Problem statement: The material below holds a span beginning at the line with "5deef6c9a13 Vintage Glow" and ending at the line with "Zhu Zhu Pets". Quote that span exactly, both ends included, and only that span.

Data supplied:
---
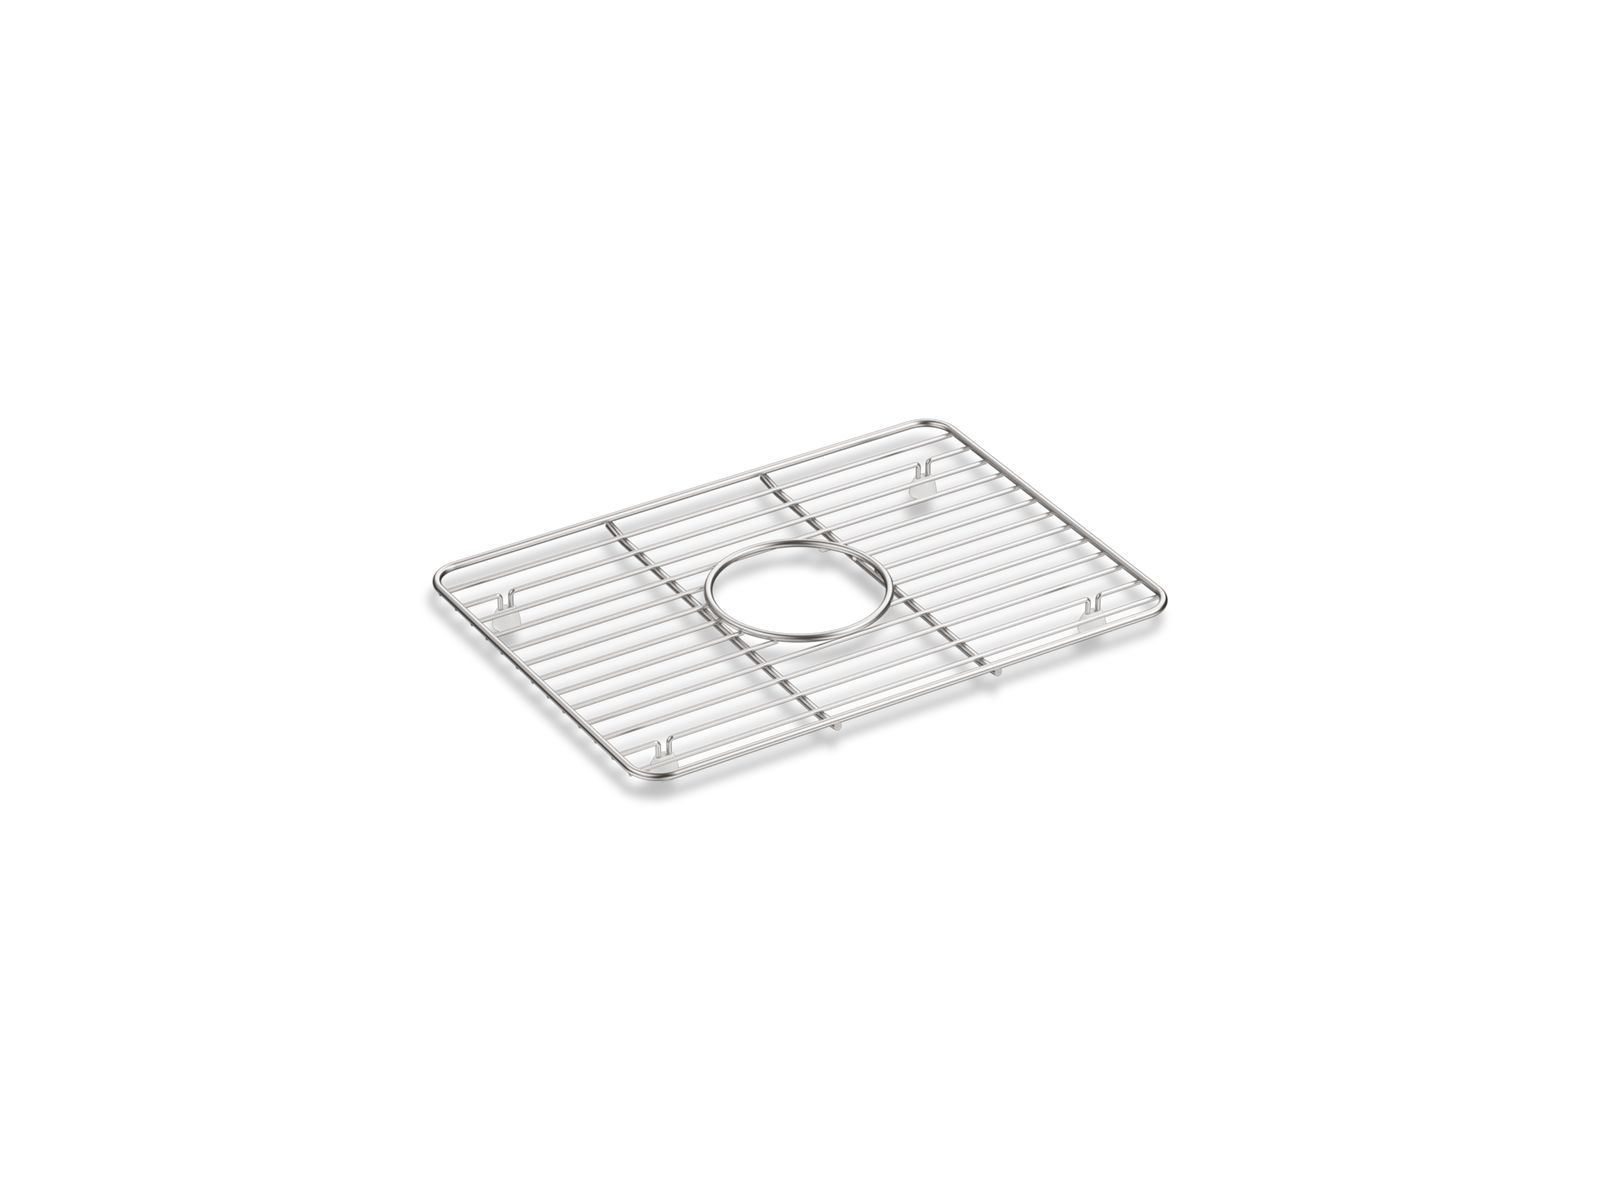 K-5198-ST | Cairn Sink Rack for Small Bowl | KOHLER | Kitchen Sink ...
---
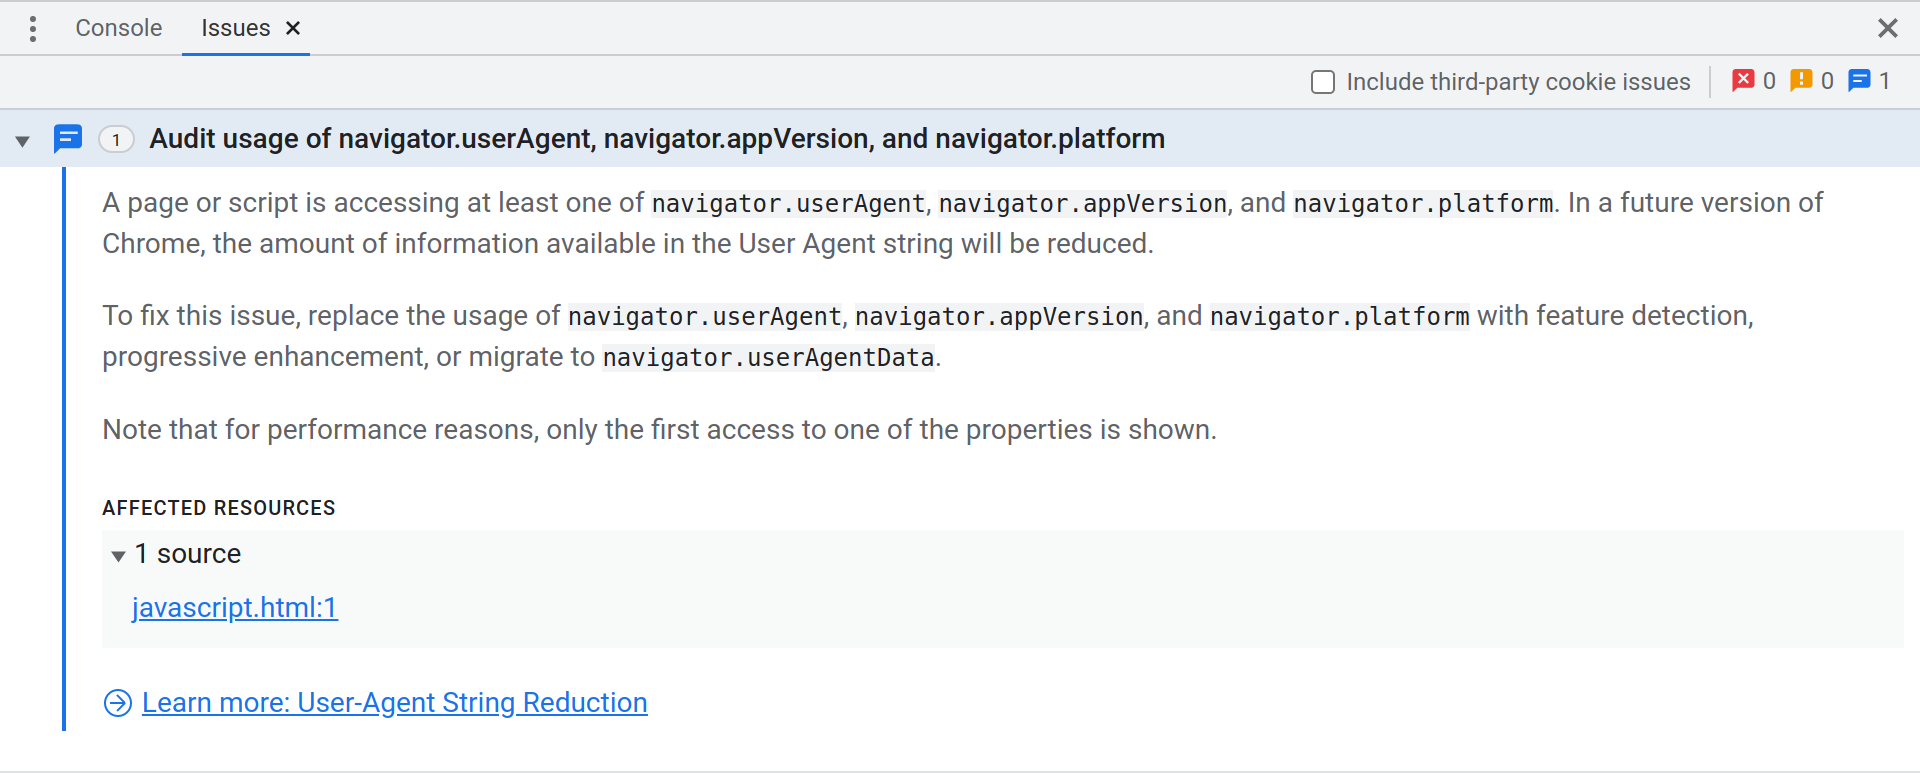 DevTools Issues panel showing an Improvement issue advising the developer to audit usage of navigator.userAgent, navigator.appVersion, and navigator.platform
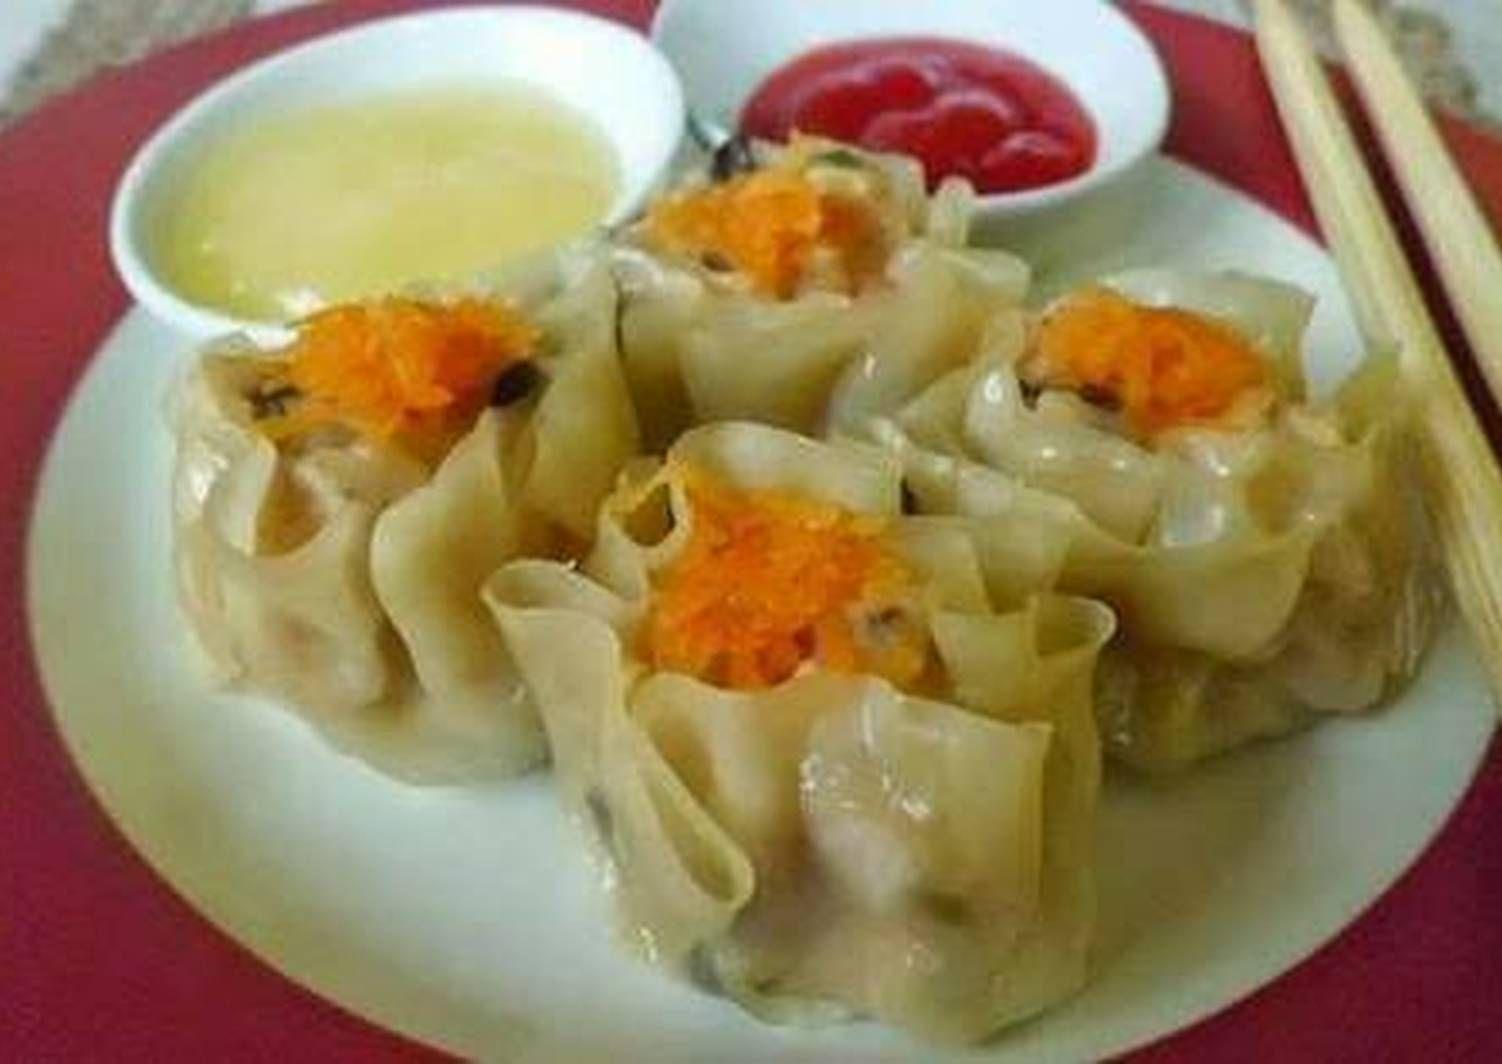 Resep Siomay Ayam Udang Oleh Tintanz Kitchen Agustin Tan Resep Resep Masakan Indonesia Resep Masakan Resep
---
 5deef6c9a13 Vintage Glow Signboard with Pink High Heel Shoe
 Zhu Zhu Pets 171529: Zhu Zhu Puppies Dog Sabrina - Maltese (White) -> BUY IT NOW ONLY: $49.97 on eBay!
---
Answer to the problem:
 5deef6c9a13 Vintage Glow Signboard with Pink High Heel Shoe
 Zhu Zhu Pets 171529: Zhu Zhu Puppies Dog Sabrina - Maltese (White) -> BUY IT NOW ONLY: $49.97 on eBay!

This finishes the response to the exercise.